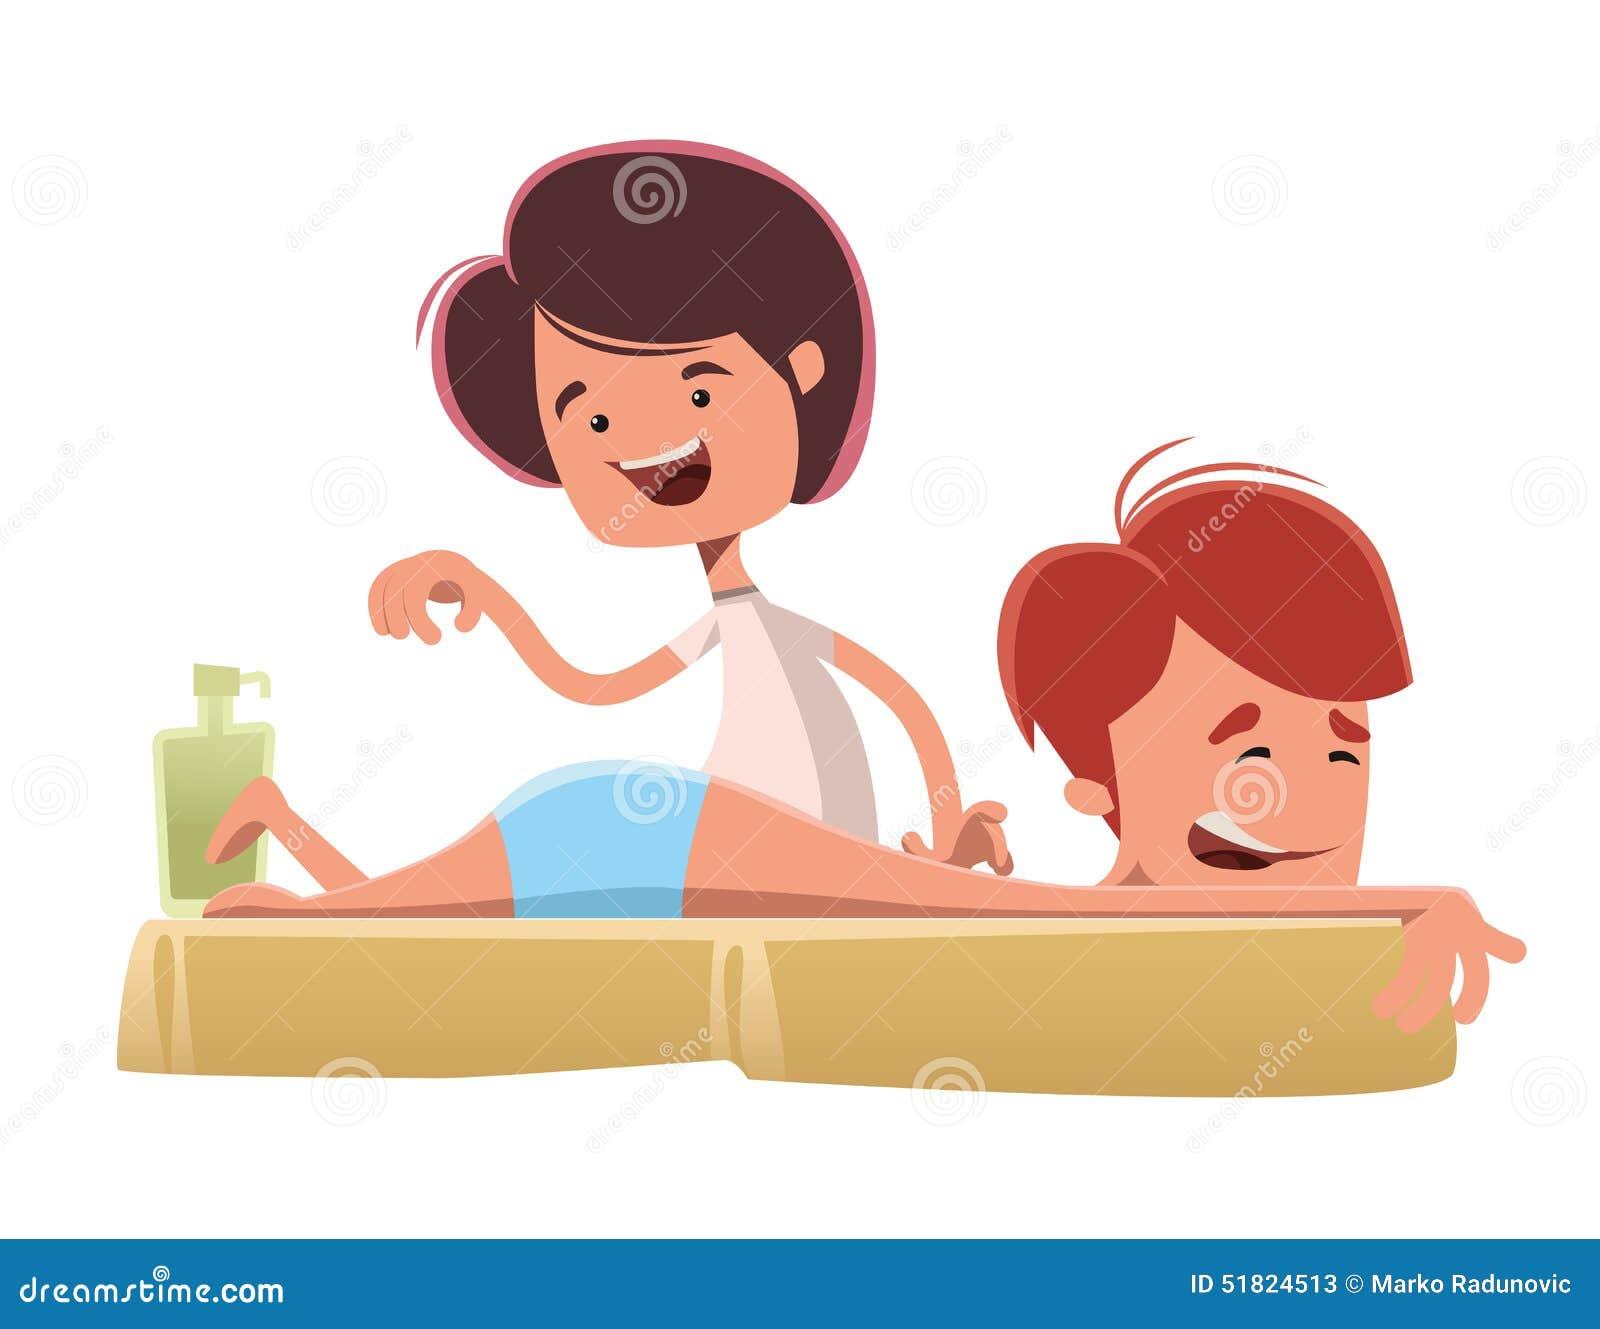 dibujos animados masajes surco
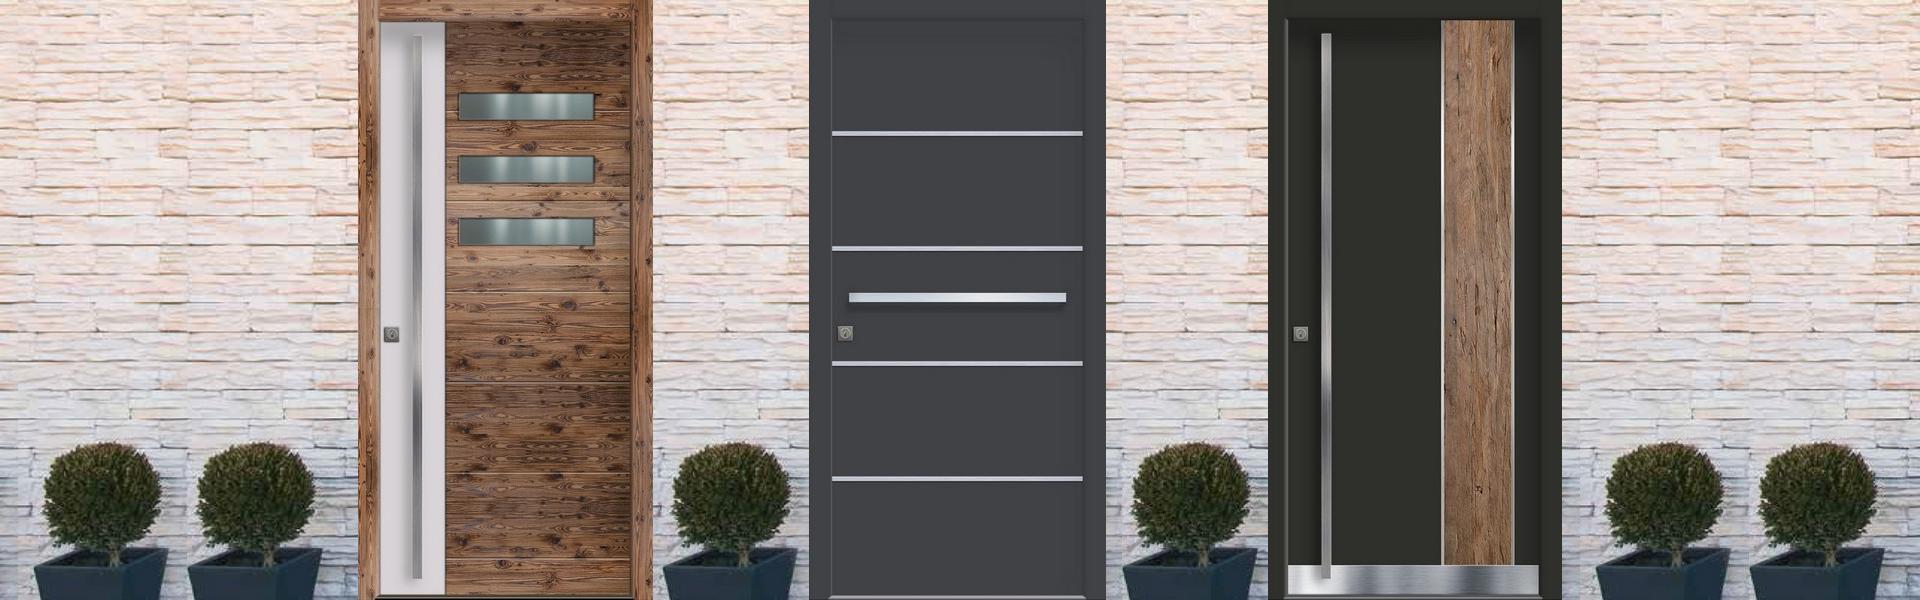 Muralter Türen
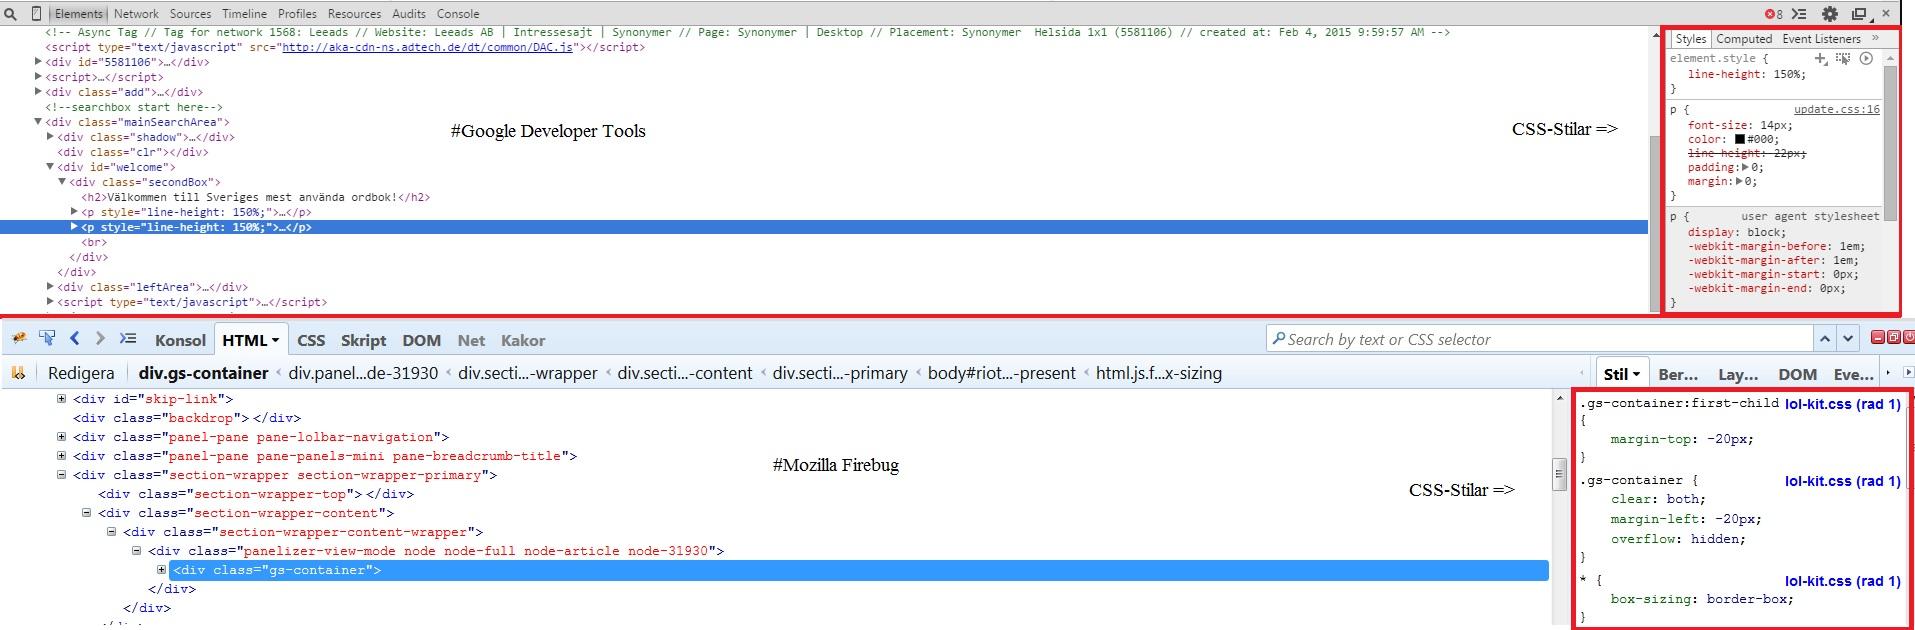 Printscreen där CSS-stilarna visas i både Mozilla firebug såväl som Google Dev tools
#####
DIRECTIONS: Your reply should consist solely of the lines from the line containing "Muralter Türen" through the last line of the listing, unchanged and free of pictures.

SOLUTION:
 Muralter Türen
 Printscreen där CSS-stilarna visas i både Mozilla firebug såväl som Google Dev tools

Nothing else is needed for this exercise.